Hybrid Porous Scaffold 2D Materials for Water Purification

Description

NTHU-UoL Dual PhD Programme between National Tsing Hua University in Taiwan and the University of Liverpool in the UK is a well-established programme, where students spending 2 years at both institutions. Working with world leading academics and research capabilities the PhD candidates will spend two years in each institution. Upon successful defence of their research work, the candidates will obtain dual PhD degrees.

Materials with 2D nanostructures, e.g. transition metal dichalcogenides (TMDCs) - MoS_2, MoSe_2, WS₂, are highly promising materials for water purification technologies [Nanoscale, 2016, 8, 15115-15131]. Incorporation of these materials into tuneably porous polymer scaffolds, and accompanying large surface area:volume ratios, is expected to drastically improve performance and make these materials viable as a robust, cost-efficient technology for water treatment in the developing world.

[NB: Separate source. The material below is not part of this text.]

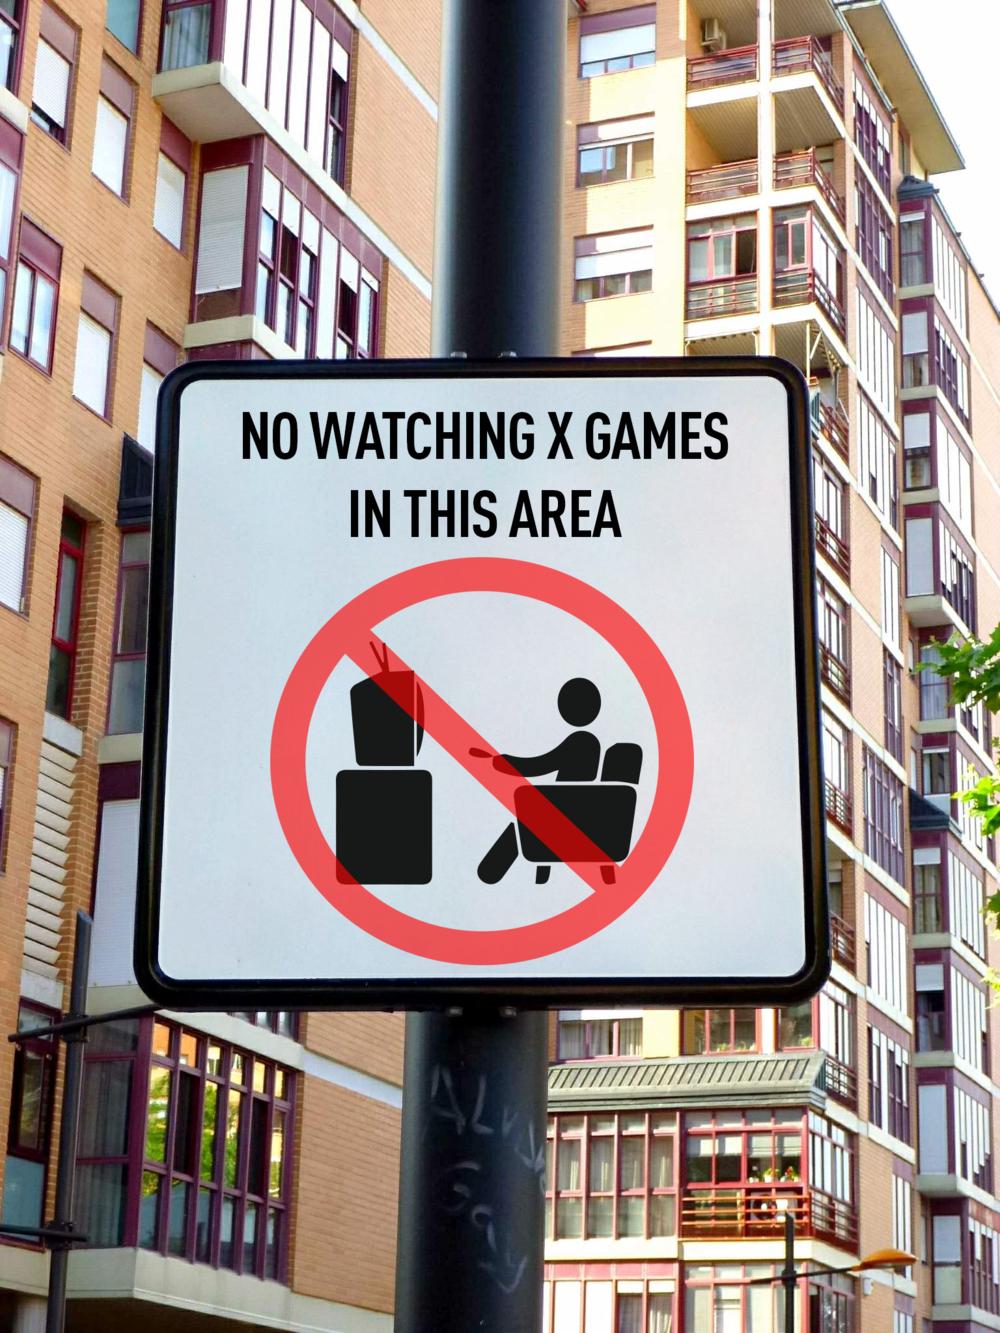 no x games sign1.png

Recent developments in low-temperature (200^oC) TMDC formation at NTHU [Chueh et al., Materials Today, 2023, 69, 97-106] have made this possible and opened opportunities for scalable, high-yield processing which are compatible with polymeric materials and could facilitate the in-situ formation of TMDC directly on the surface of the scaffold. Such “hybrid” materials would be expected to have superior performance across a range of water purification areas; desalination, capacity for pollutant and heavy metal ion removal and (photo-) catalytical water disinfection.

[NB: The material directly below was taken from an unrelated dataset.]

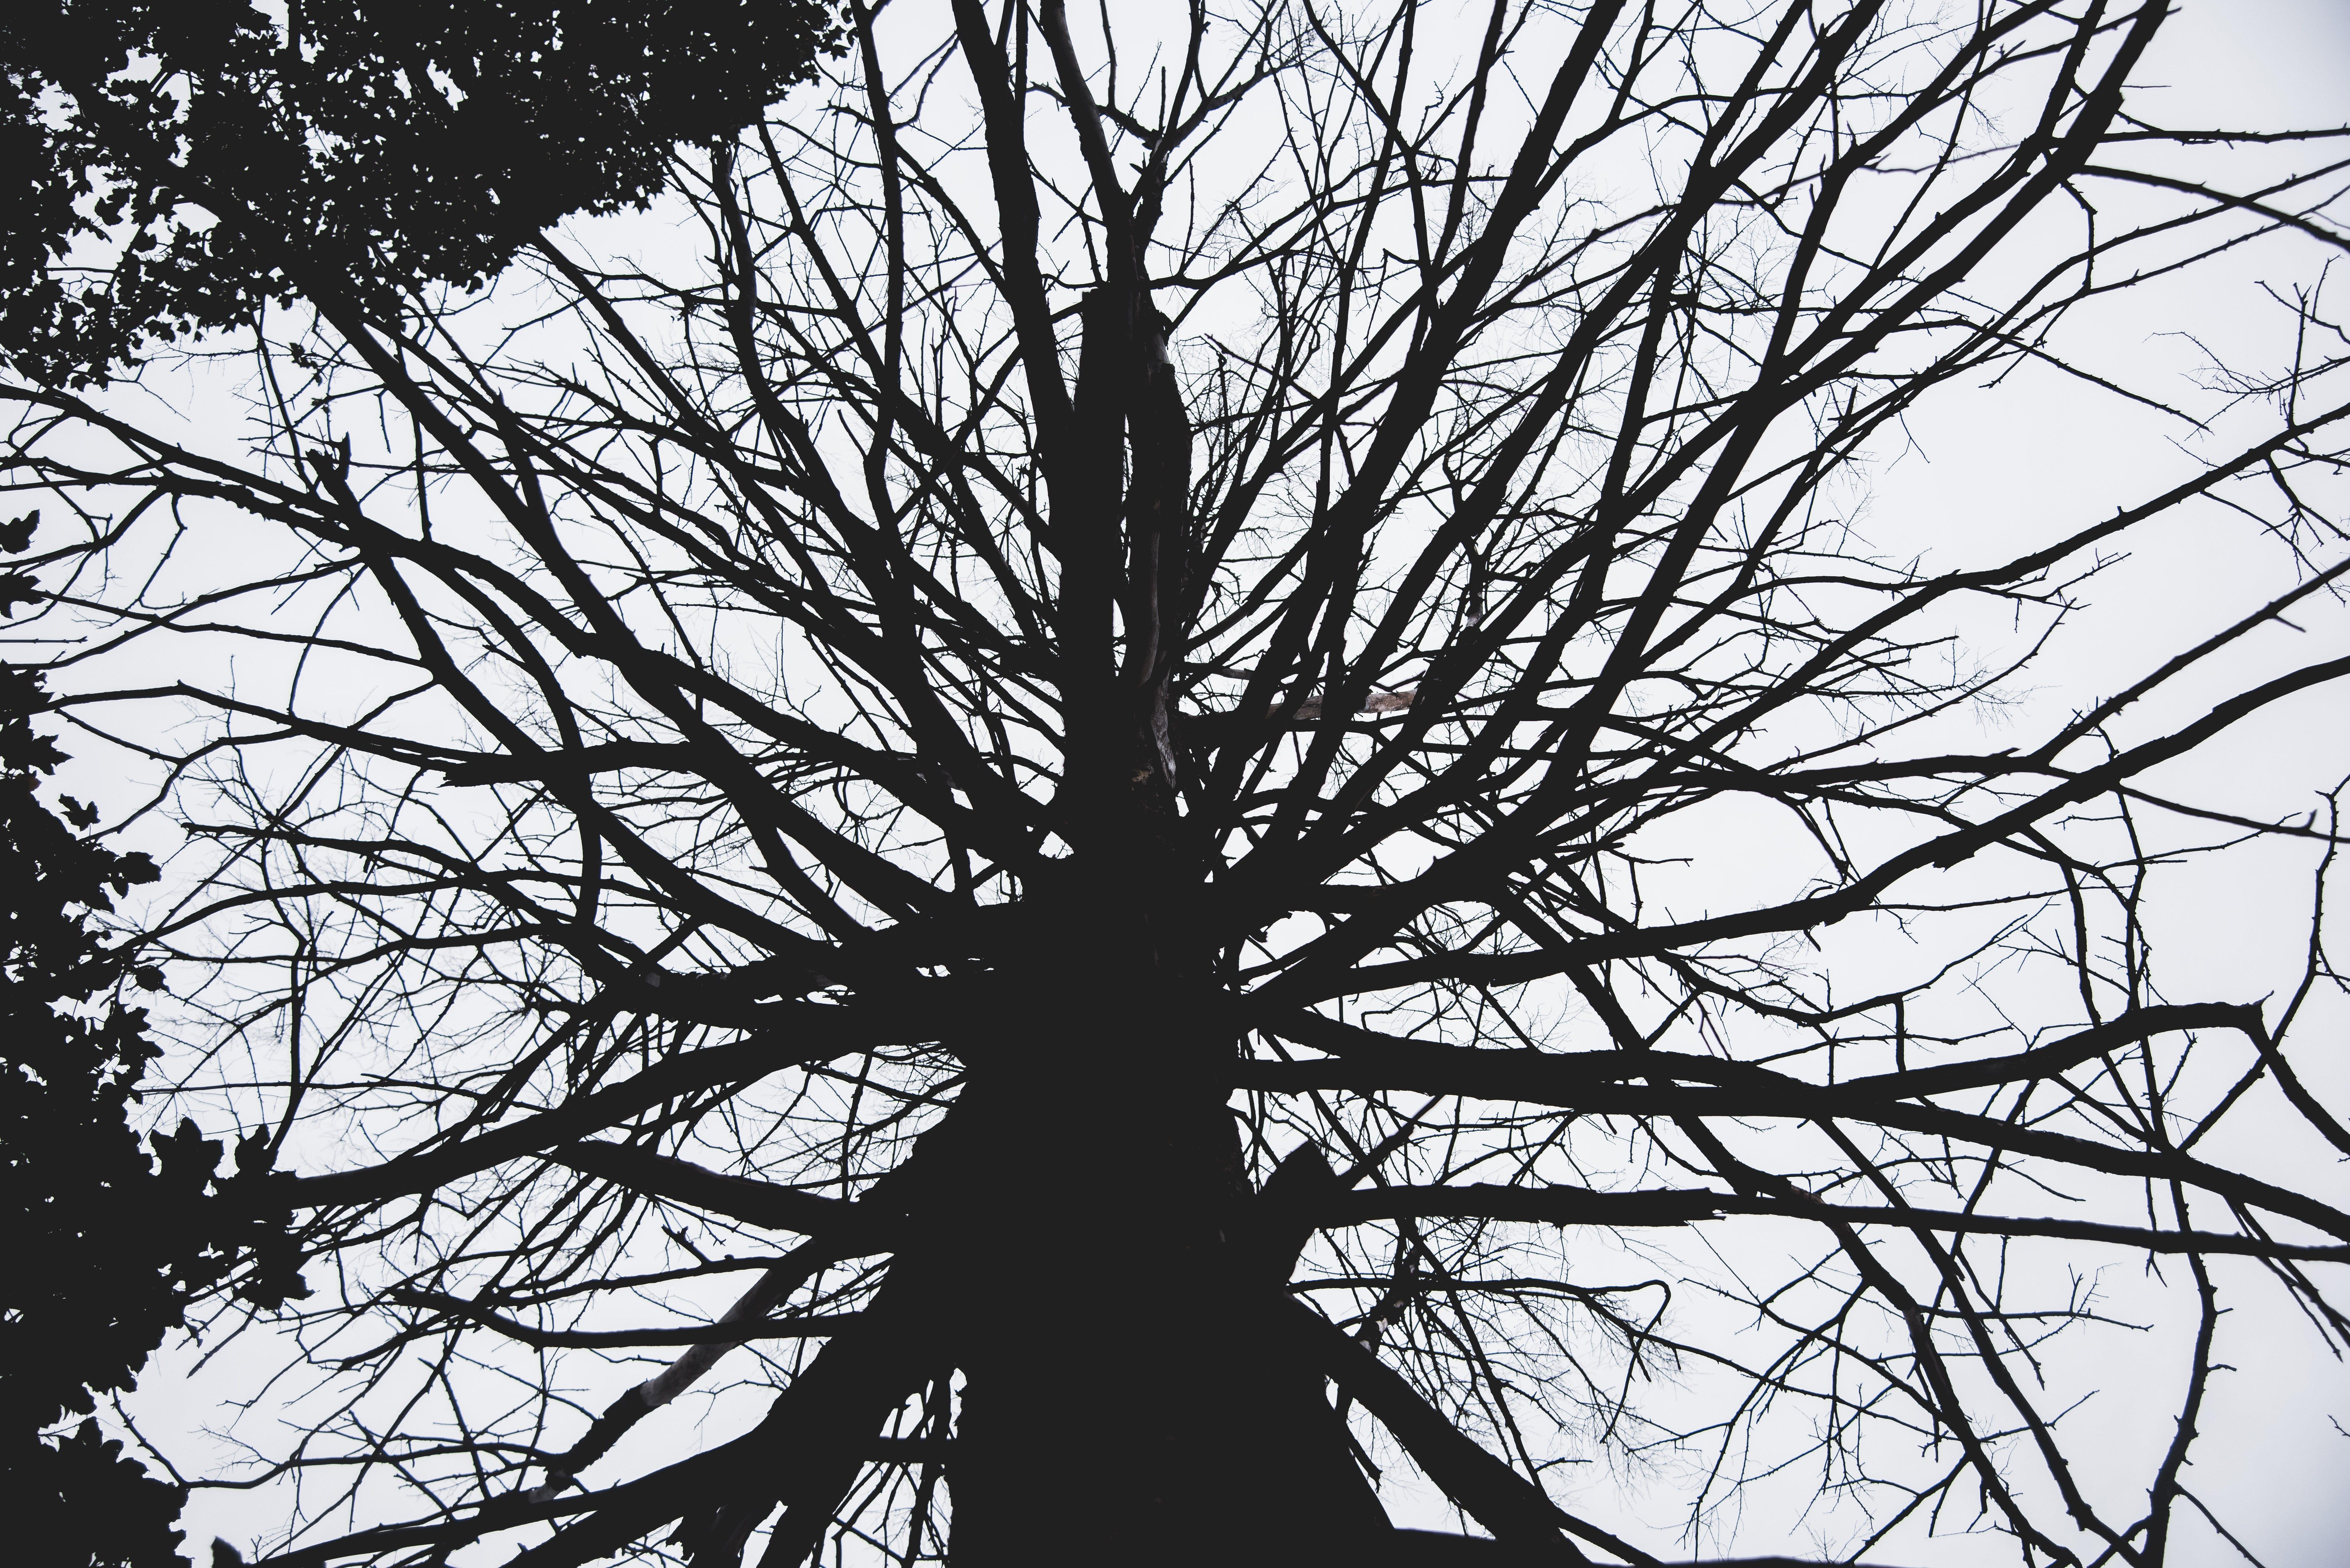 Free stock photo of trees, fall

This project aims to develop and explore new materials and approaches for water treatment based on a combination of the large porosities and tuneable morphologies offered by polymeric scaffold materials (membranes) and 2D nanostructured materials (transition metal dichalcogenides), which offer promise for pollutant removal and catalytic activity and generation of reactive oxygen species. Basing the scaffolds on sustainable, low-cost biopolymers with high-yield, scalable functionalisation methods to generate TMDCs directly on the scaffold aligns this project towards development of low-cost solutions suitable for the developing world and addressing persistent challenges with clean water.

This project will involve:

1. Fabrication of porous polymer scaffolds from low-cost, sustainable polymers (cellulose and derivatives) with a range of porosities through established methods (non-solvent induced phase separation and vitrification). Characterisation with optical and electron microscopies, gas sorption, calorimetry and thermal gravimetric analysis.

2. Further development of surface coatings and chemical modification protocols for incorporation of 2D materials (TMDCs) onto the surface of and embedded within polymeric scaffolds: vapour deposition of oxide layers or embedding oxide particulates within the scaffold and sulfurisation/selenisation through low-temperature plasma treatment. Characterisation of scaffold surface structure and TMDC morphology will be conducted via electron microscopy and porosity will be assessed through further gas sorption measurements.

3. Screening and testing materials performance in water purification. Assessment of membrane flux, fouling, biofouling, rejection of heavy metal/toxic metal ions and organic pollutants, (photo-) catalytic generation of reactive oxygen species.

4. Exploration of other applications of 2D TMDCs embedded in scaffolds with complex 3D morphologies and large surface areas, for example in energy and sensing applications.

We are seeking highly motivated, ambitious and enthusiastic applicants from physical sciences, chemistry and engineering backgrounds for this interdisciplinary project. Informal enquiries are encouraged before a formal application and should be directly to Dr William Sharratt (w.sharratt@liverpool.ac.uk). 

We want all of our staff and Students to feel that Liverpool is an inclusive and welcoming environment that actively celebrates and encourages diversity. We are committed to working with students to make all reasonable project adaptations including supporting those with caring responsibilities, disabilities or other personal circumstances. For example, If you have a disability you may be entitled to a Disabled Students Allowance on top of your studentship to help cover the costs of any additional support that a person studying for a doctorate might need as a result.

We believe everyone deserves an excellent education and encourage students from all backgrounds and personal circumstances to apply.

Applicant Eligibility

Candidates will have, or be due to obtain, a Master’s Degree or equivalent from a reputable University in an appropriate field of Engineering. Exceptional candidates with a First Class Bachelor’s Degree in an appropriate field will also be considered.

Application Process

Candidates wishing to apply should complete the University of Liverpool application form [How to apply for a PhD - University of Liverpool] applying for a PhD in Materials Engineering and uploading: Degree Certificates & Transcripts, an up-to-date CV, a covering letter/personal statement and two academic references.